Jean-Philippe deTonnac’ın Umberto Eco ve Jean-Claude Carriere ile
yaptığı söyleşi ile Kitap ölmeyecek, Kalıcı veri depolama ortamlarından daha
geciçisi yoktur, Waterloo Muharebesi’ne katılmış olan herkesin ismini saymak,
Elenmişlerin rövanşı, Bugün yayımlanan her kitap bir postincunabula' dır, İlle
de bize ulaşmayı isteyen kitaplar, Geçmişle ilgili bildiklerimizi alıklara,
ahmaklara ya da hasırcılara borçluyuz;
Kendini gösterme merakını hiçbir şey durdurmaz, Aptallığa övgü, İnternet
ya da Damnatio Memoriae'nin imkansızlığı Ateş vasıtasıyla sansür, Okumadığımız
bütün kitaplar, Mihraptaki kitap ve “Cehennem”deki kitaplar, İnsan öldükten
sonra kütüphanesine ne olur? Konu başlıkları altında kitapların beş bin yıllık
tarihini, eteklerde biriken çakıl taşları misali günümüze dek süregelen sayısız
konu üzerine kafa yoruyorlar. Her satırı okudukça kendinizi bir çocuğun meraklı
bakışları içinde kaybediveriyorsunuz. Son sayfaya gelince bu bitmemeliydi
dedirtiveriyor mütemadiyen…
Hızla gelişen teknolojiden uzak durmanın imkansız olduğu bir çağda her
birimizin mutlaka şimdiye kadar belki sayısını bile unuttuğu flash belleklerle
türlü bilgilerimizi, dosyalarımızı depolarız. “sayısız” kavramına ayrıca dikkat
etmekte yarar var. zira bu bellekler ya (benim gibi unutkansanız) kaybolur ya
içindeki bilgiler bir süre sonra bozulur ya da yeni sürümler ortaya çıkar ve
buna uygun olarak teknolojik cihazların yuvaları değişir, yeni versiyonlar çıkar
ve bir bakarsınız ki geriye elinizde veriye dair hiçbir şey yok. Bu da doğal
Eco’unun da ifade ettiği gibi “(…)kalıcı
veri depolama ortamlarından daha geçici bir şey yok ( sf. 11 ).” Her ne kadar
geçmiş teknikleri reddetsek de o tekniklerin güvenilirliğini de reddedemeyiz.
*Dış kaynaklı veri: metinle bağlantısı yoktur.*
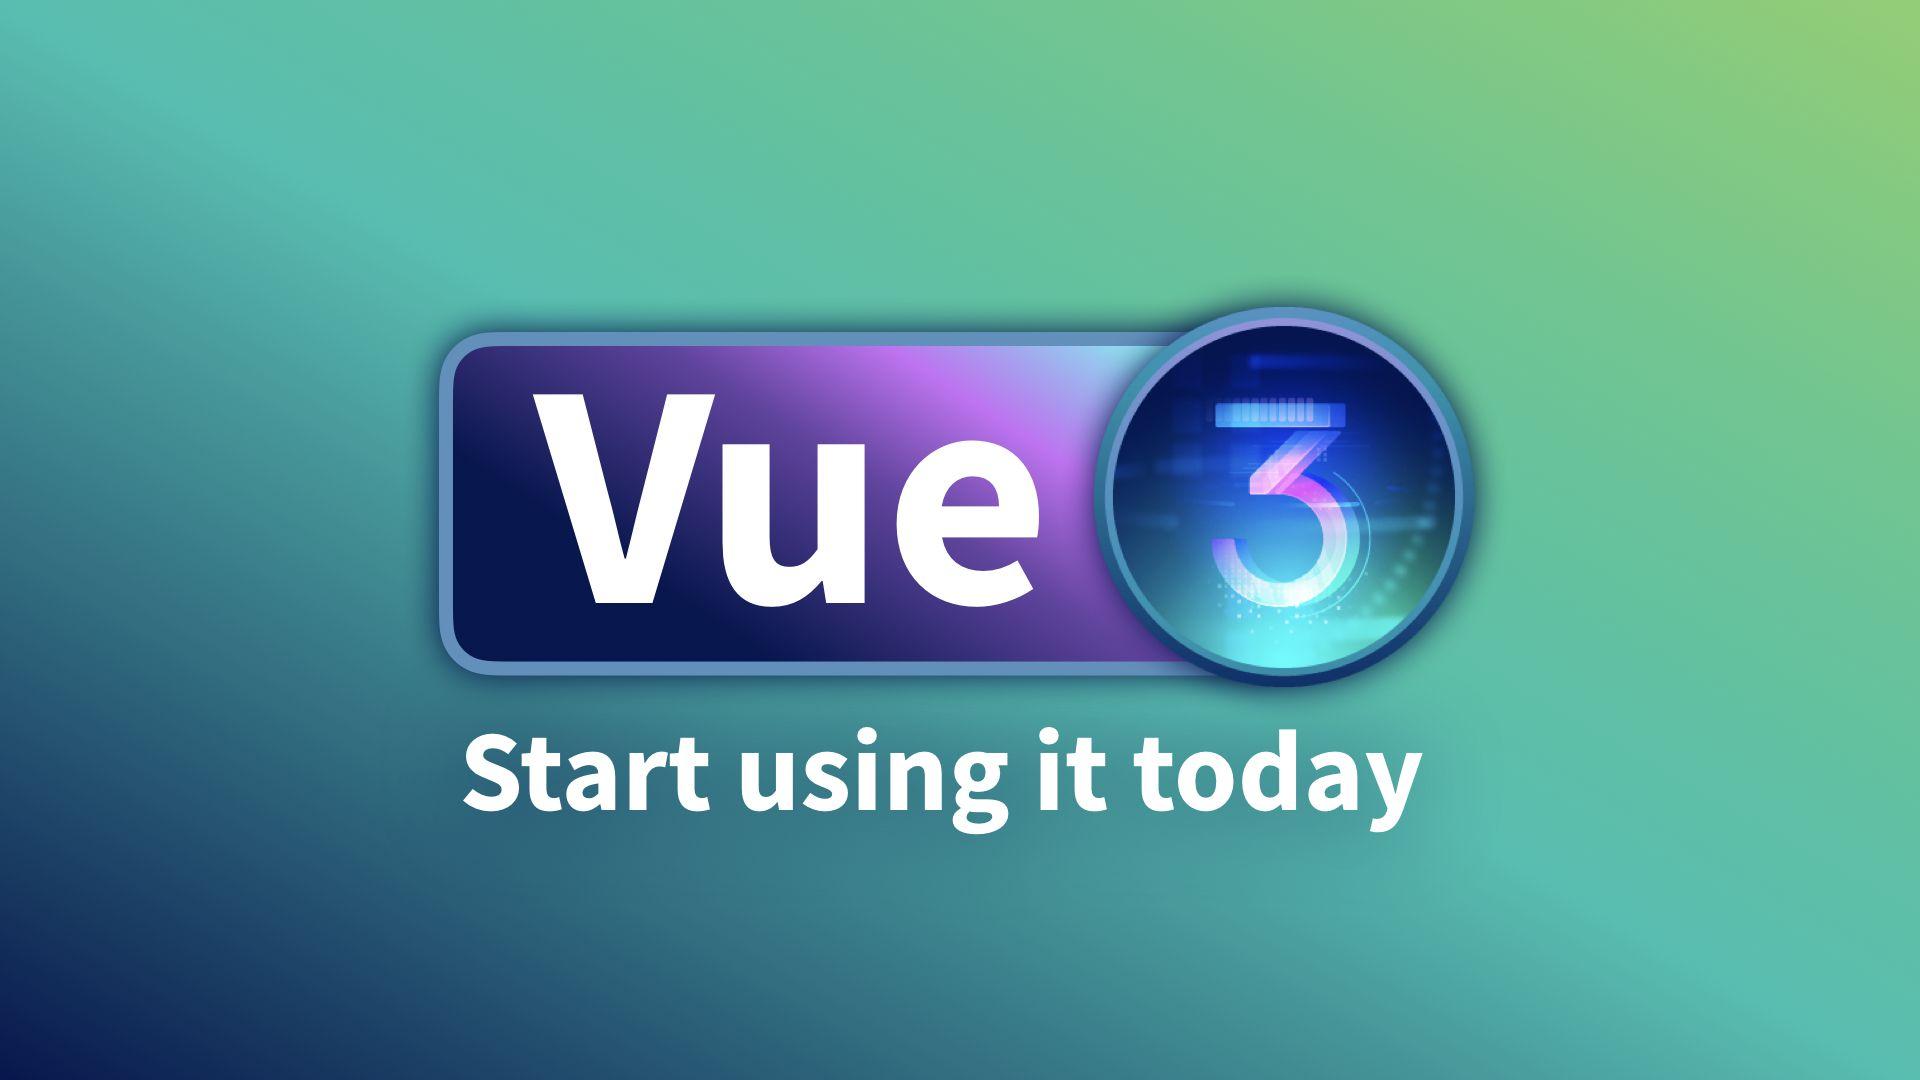 Vue 3: Start Using it Today

Söyleşinin etrafında şekillendiği asıl nokta kitaplardır. Teknolojinin
kitaplara etkisi… Flash belleklerden verdiğim örnekten hareketle, “Beş yüzyıl önce basılmış bir metni
okuyabiliyoruz hala. Ama topu topu birkaç yıllık bir elektronik kaseti veya bir
CD- ROM’u artık okuyamıyor, seyredemiyoruz. Eski bilgisayarlarımızı
mahzenlerimizde muhafaza etmedikçe ( sf. 11 ). Buradan film sektörünün hızlı
değişimi ve teknolojik sözde gelişimi eldeki film koleksiyonlarını nasıl
işlevsiz hale getirdiğini göstermekte. Bu karşın kitap koleksiyonu kitabın
hatta yazının icadıyla birlikte varlığını devam ettiren önemli bir durumdur.
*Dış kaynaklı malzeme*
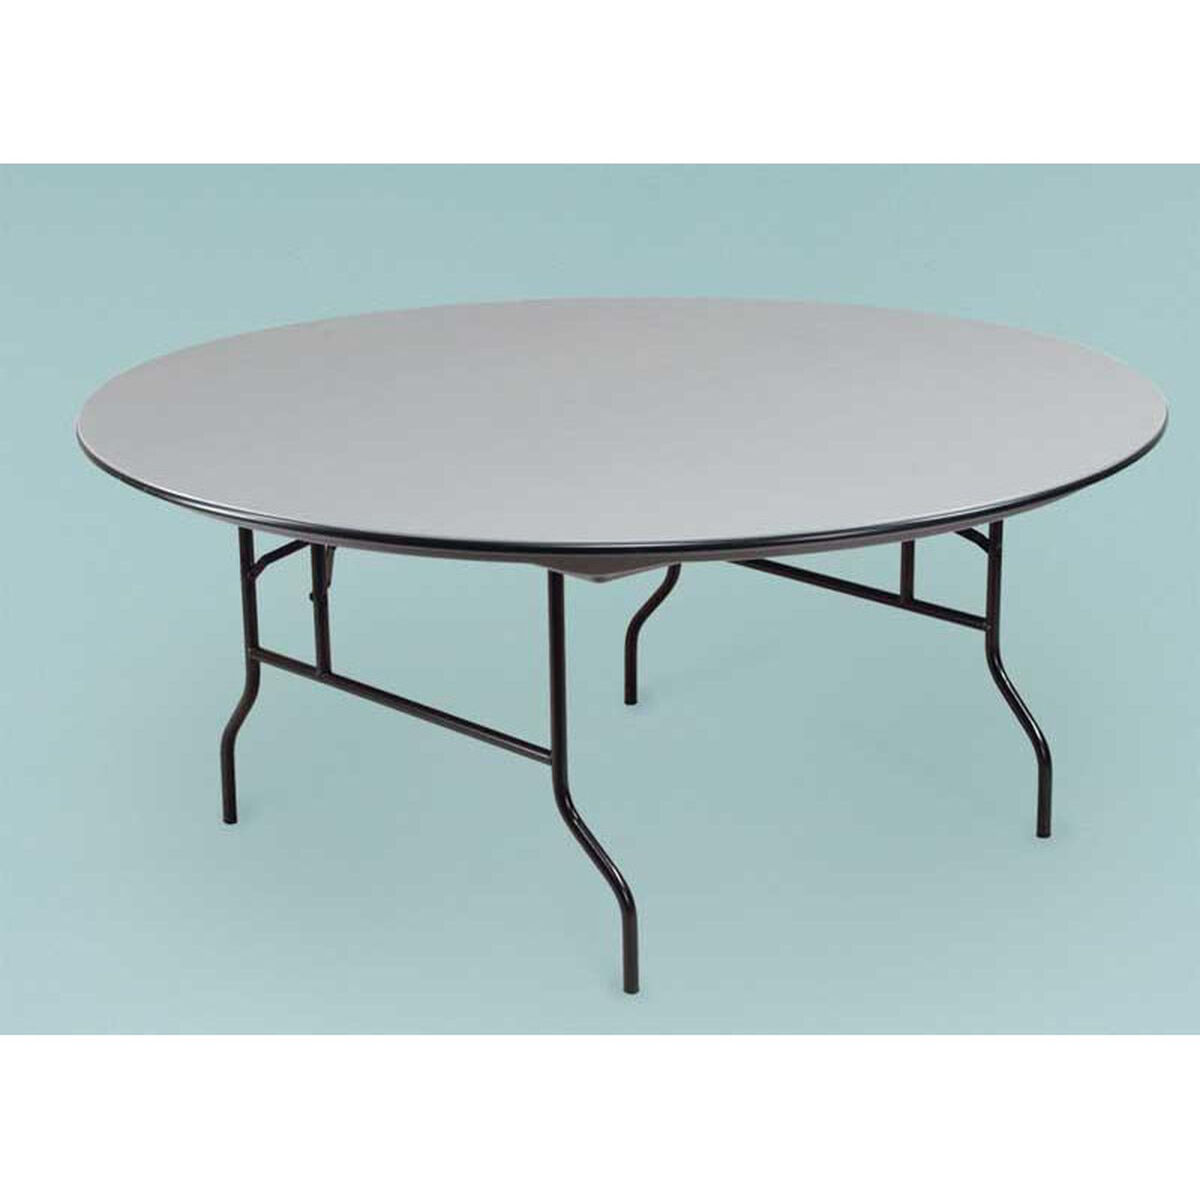 NLW Round Plastic Folding Table R72NLW | BestChiavariChairs.com

Eco da bu konu üzerine günümüzde yaşanabilecek bir kazayla örneklendirerek
kitap koleksiyonu oluşturma sürecini ve karşısındaki muhalefeti şöyle ifade
eder, “(…)Kitap koleksiyonu yapma fikri çok eskidir. Yani filmlerin başına
gelenler kitapların başına gelmedi. Yazılı sayfa kültü, daha sonra da kitap
kültü, yazı kadar eskidir. Romalılar daha o zamandan tomarlara sahip olmak ve
koleksiyonunu yapmak isterlermiş. Kitapları kaybettiysek, başka sebeplerden
kaybettik. Dini sansür sebebiyle yok edildiler yahut da kütüphaneler ilk
fırsatta yanmaya meyilli oldukları için yok oldular, tıpkı katedraller gibi,
çünkü her ikisi de büyük ölçüde ahşaptan inşa edilmişti. Ortaçağ’da yanan bir
katedral ya da bir kütüphane, Büyük Okyanus’a düşen bir uçağın gösterildiği bir
savaş filmi gibidir az çok. ( sf. 14 ).” Günümüzün en önemli faktörü haline
gelen enerji olmadan elimiz kolumuz bağlı bir durumda olduğumuz yerde kalırız.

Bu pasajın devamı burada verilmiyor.